Personal information
- Born: 5 March 1994 (age 32) Frankfurt, Germany
- Height: 6 ft 1 in (185 cm)
- Weight: 79 kg (174 lb)
- Sporting nationality: Germany
- Residence: Scottsdale, Arizona, U.S.

Career
- College: University of Colorado
- Turned professional: 2017
- Current tour: PGA Tour
- Former tours: Korn Ferry Tour PGA Tour Canada
- Professional wins: 2

Number of wins by tour
- Korn Ferry Tour: 1
- Other: 1

= Jeremy Paul (golfer) =

German professional golfer (born 1994)

Jeremy Paul (born 5 March 1994) is a German professional golfer who plays on the PGA Tour.

==Early life==
Paul was born in Frankfurt in 1994, a minute before his twin brother Yannik, who is a professional golfer who plays on the European Tour.

==Amateur career==
In 2011, Paul finished runner-up in the German Under-18 Championship, was a semi-finalist in the Boys Amateur Championship at Burnham & Berrow Golf Club, and finished third in the German Junior Masters.

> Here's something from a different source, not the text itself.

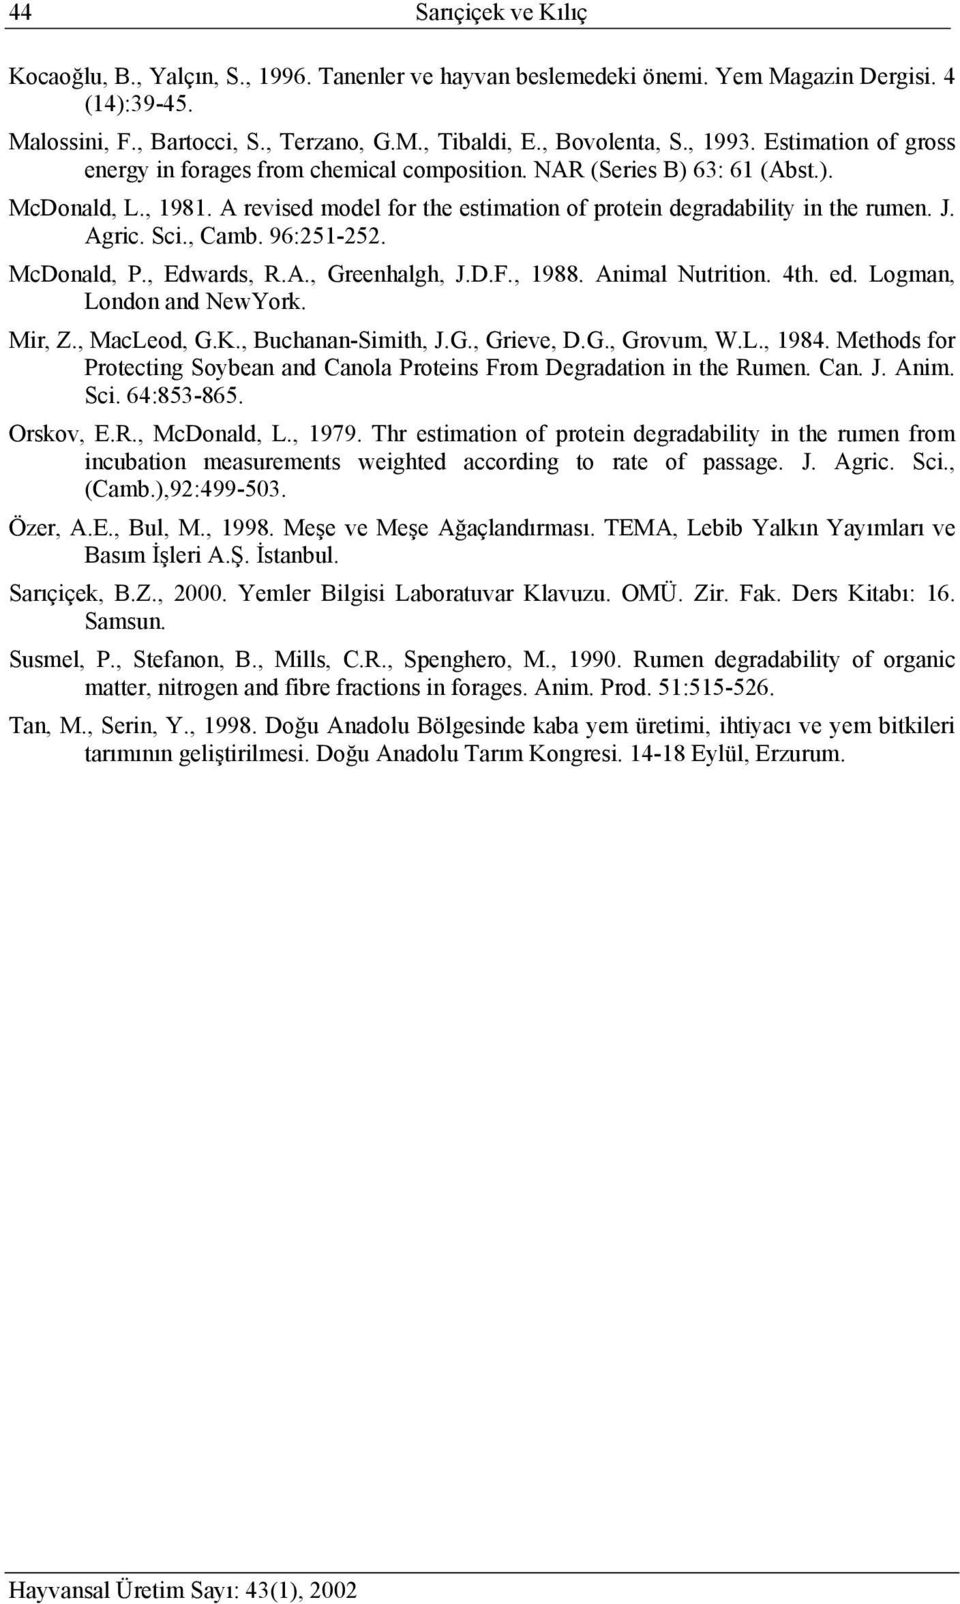 Agric. Sci., Camb. 96:251-252. McDonald, P., Edwards, R.A., Greenhalgh, J.D.F., 1988. Animal Nutrition. 4th. ed. Logman, London and NewYork. Mir, Z., MacLeod, G.K., Buchanan-Simith, J.G., Grieve, D.G., Grovum, W.

Paul attended the University of Colorado from 2013 to 2018. He was an All-American and graduated with a degree in business in May 2017, having led the team in stroke average all four years and set or tied 24 school records.

He was also a member of the German team at the 2016 Eisenhower Trophy, and the European Amateur Team Championship in 2015 and 2016, playing alongside his twin brother Yannik. He and Yannik also became the first pair of twins to play in a European Tour event, when they both played in the 2016 BMW International Open.

==Professional career==
Paul turned professional in April 2017 and joined the Korn Ferry Tour. For 2018, he dropped down to the PGA Tour Canada and made a few starts on the Pro Golf Tour, where he secured his first professional win at the Red Sea Ain Sokhna Classic in Egypt.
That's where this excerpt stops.